Quando il corpo perde l’equilibrio

Un altro meccanismo interessante che interagisce con la stabilizzazione del ricordo traumatico è il concetto di omeostasi. Il concetto di omeostasi in psicologia deriva dalla biologia, ed indica la capacità di un organismo di mantenere un equilibrio interno stabile nonostante le variazioni dell’ambiente esterno. In questo caso le recenti teorie di Karl Friston e Anil Seth introducono al contrario, il concetto di disomeostasi, ovvero la perdita prolungata dell’equilibrio interno tra corpo, mente e ambiente. Nel trauma, infatti, il cervello non riesce più a prevedere e regolare gli stimoli, restando intrappolato in uno stato di allerta cronica, in cui ogni segnale viene percepito come una minaccia. Da questa condizione scaturisce la sensazione di perdita di controllo e di “desoggetivazione”, ovvero la frattura del senso di sé. Un ruolo cruciale in questo processo è svolto dalla corteccia insulare, l’area cerebrale responsabile della percezione interna del corpo, o interocezione. Quando questa mappa corporea si altera, la persona non riesce più a “sentirsi” in modo coerente: il corpo diventa così il teatro del trauma, il luogo in cui si inscrive il dolore e in cui, spesso attraverso l’atto, si tenta di ristabilire un equilibrio perduto.


Conclusione

In definitiva, il percorso tracciato dalla professoressa Giorgia Tiscini mette in luce quanto sottile e potente sia il legame tra mente, corpo e linguaggio. Il trauma, sia nelle vittime che negli autori di violenza, rappresenta una frattura nella continuità dell’esperienza e della narrazione di sé: ciò che non può essere detto si incarna nel corpo, si traduce in gesto, diventa atto. La violenza, allora, non è solo un’espressione di distruttività, ma anche — paradossalmente — un tentativo fallito di dare forma a un dolore muto, di rendere visibile ciò che la parola non riesce a contenere. Restituire la parola a ciò che è stato agito significa restituire senso, tempo e identità a chi ha perso la capacità di raccontarsi. È questo, in fondo, il compito della cura: trasformare l’atto in linguaggio, l’impulso in pensiero, la ferita in memoria condivisa. Solo attraverso questo passaggio la mente può ritrovare un equilibrio e il corpo può smettere di portare da solo il peso del trauma.
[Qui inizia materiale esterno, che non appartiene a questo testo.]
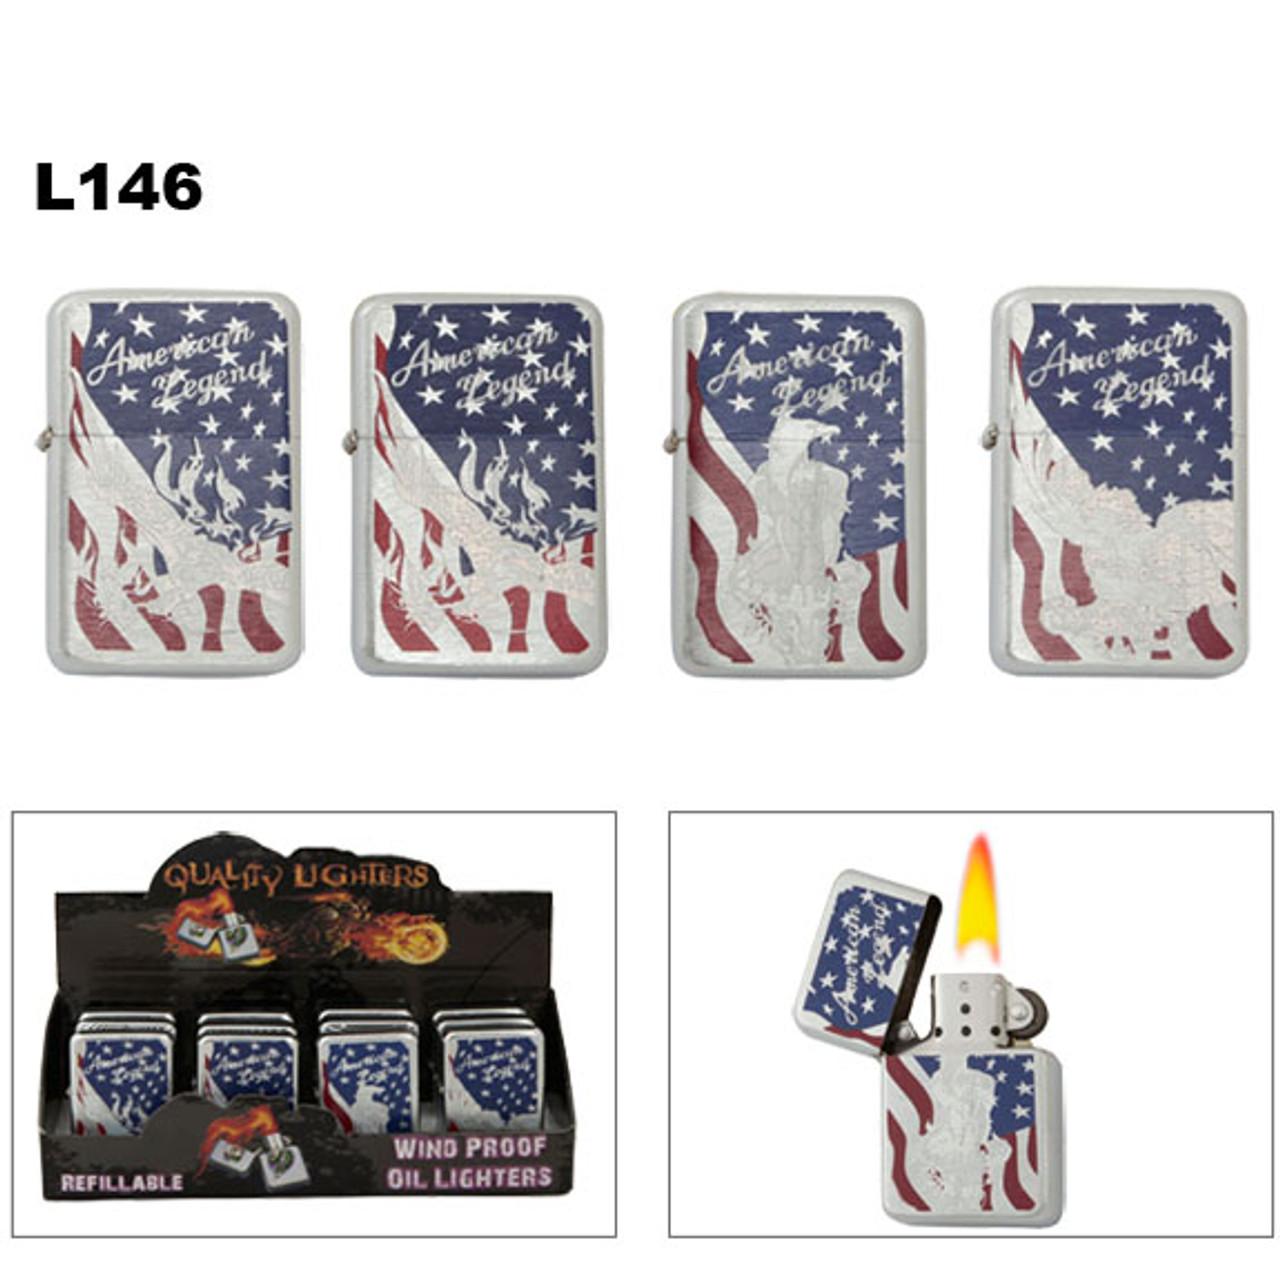 Oil Wholesale American Legend Lighters
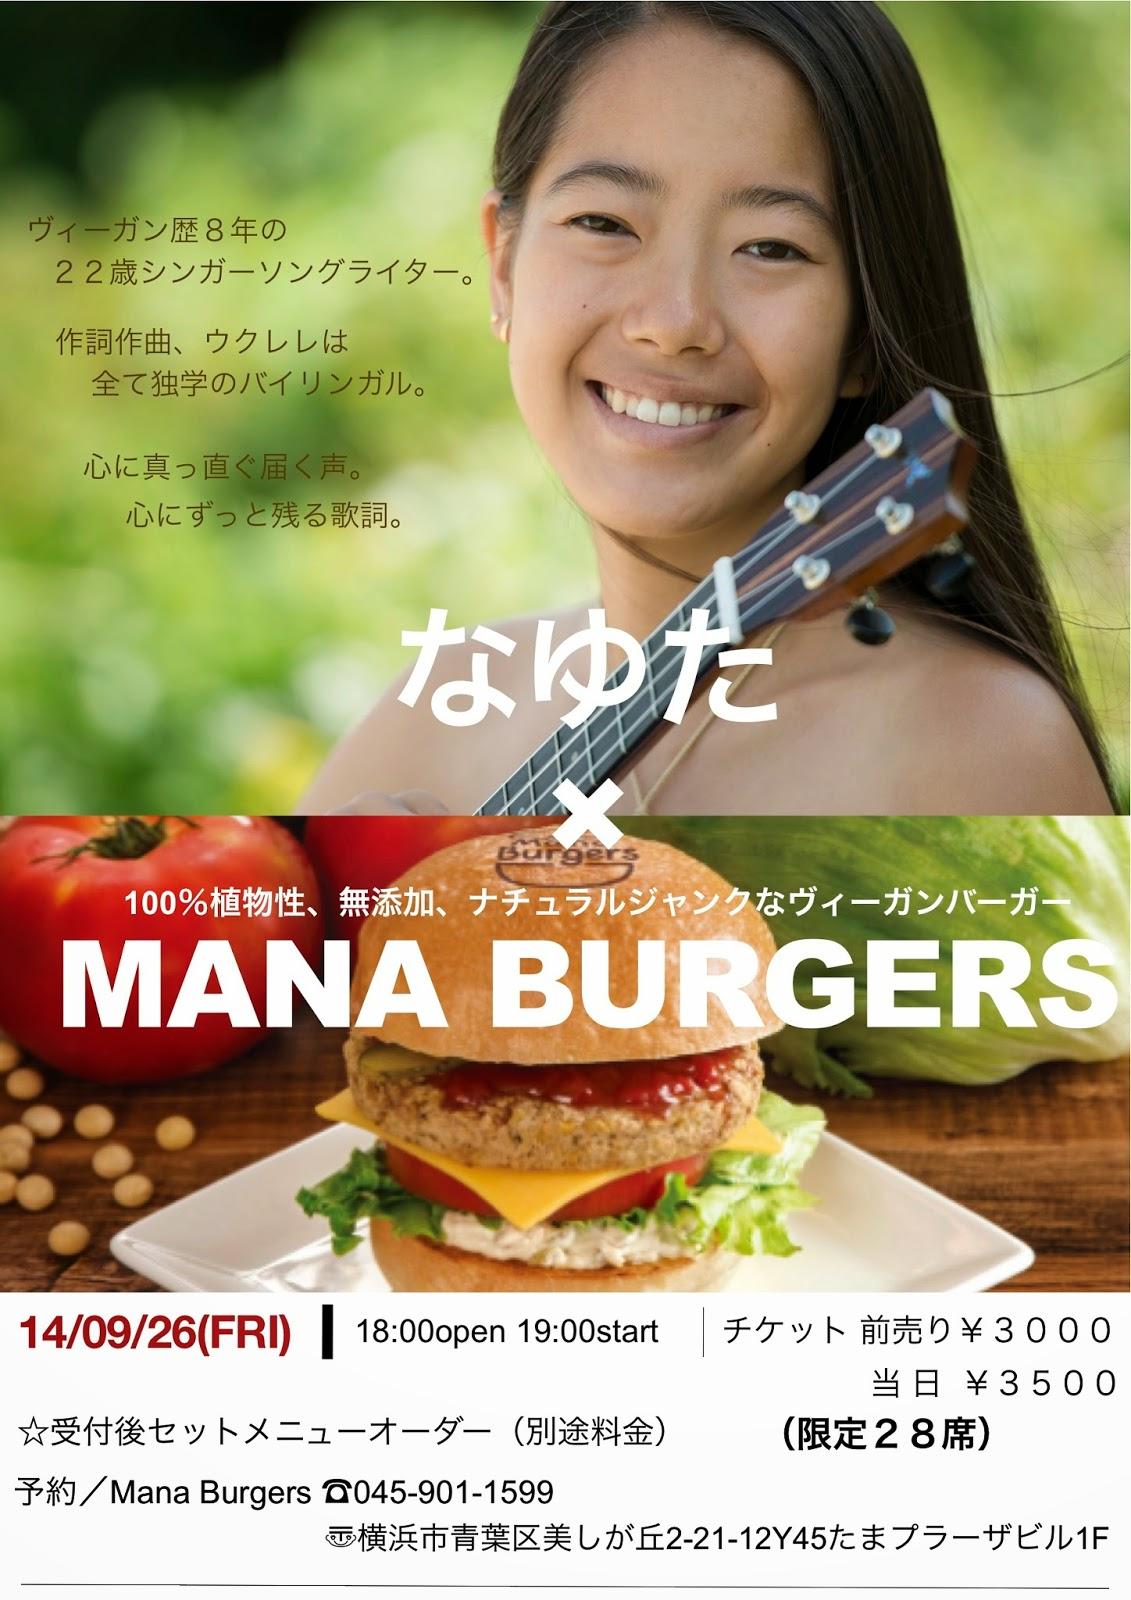 Mana_burgers

In questa riconciliazione tra parola e gesto, tra psiche e corpo, si apre la possibilità di una vera riparazione, non solo individuale ma anche collettiva.


Bibliografia

-Bouton, M. E. (2004). Context and Behavioral Processes in Extinction. Learning & Memory, 11(5), 485–494.
-Friston, K. (2010). The free-energy principle: a unified brain theory? Nature Reviews Neuroscience, 11(2), 127–138.
-Freud, S. (1924). Note sul “blocco magico” (Das Notizbuch Magico). In Opere (Vol. 10). Torino: Bollati Boringhieri, 1977.
-LeDoux, J. E. (1983). Cognitive–Emotional Interactions in the Brain. Cognition and Emotion, 1(3), 69–109.
-Reyna, V. F., & Brainerd, C. J. (1995/2002). Fuzzy-Trace Theory: An Interim Synthesis. Learning and Individual Differences, 12(2), 125–161.
-Seth, A. K. (2021). Being You: A New Science of Consciousness. London: Faber & Faber.
-Tiscini, G. (2019). Trauma e memoria: il corpo come scena del linguaggio. Milano: FrancoAngeli.
-Tiscini, G. (2023). Crimine e trauma: la mente, il corpo, la parola. Roma: Carocci.
– Tracy, J. L., & Robins, R. W. (2007). The Nature of Pride and Shame: Theoretical Perspectives and Empirical Findings. Journal of Personality and Social Psychology, 92(1), 56–72.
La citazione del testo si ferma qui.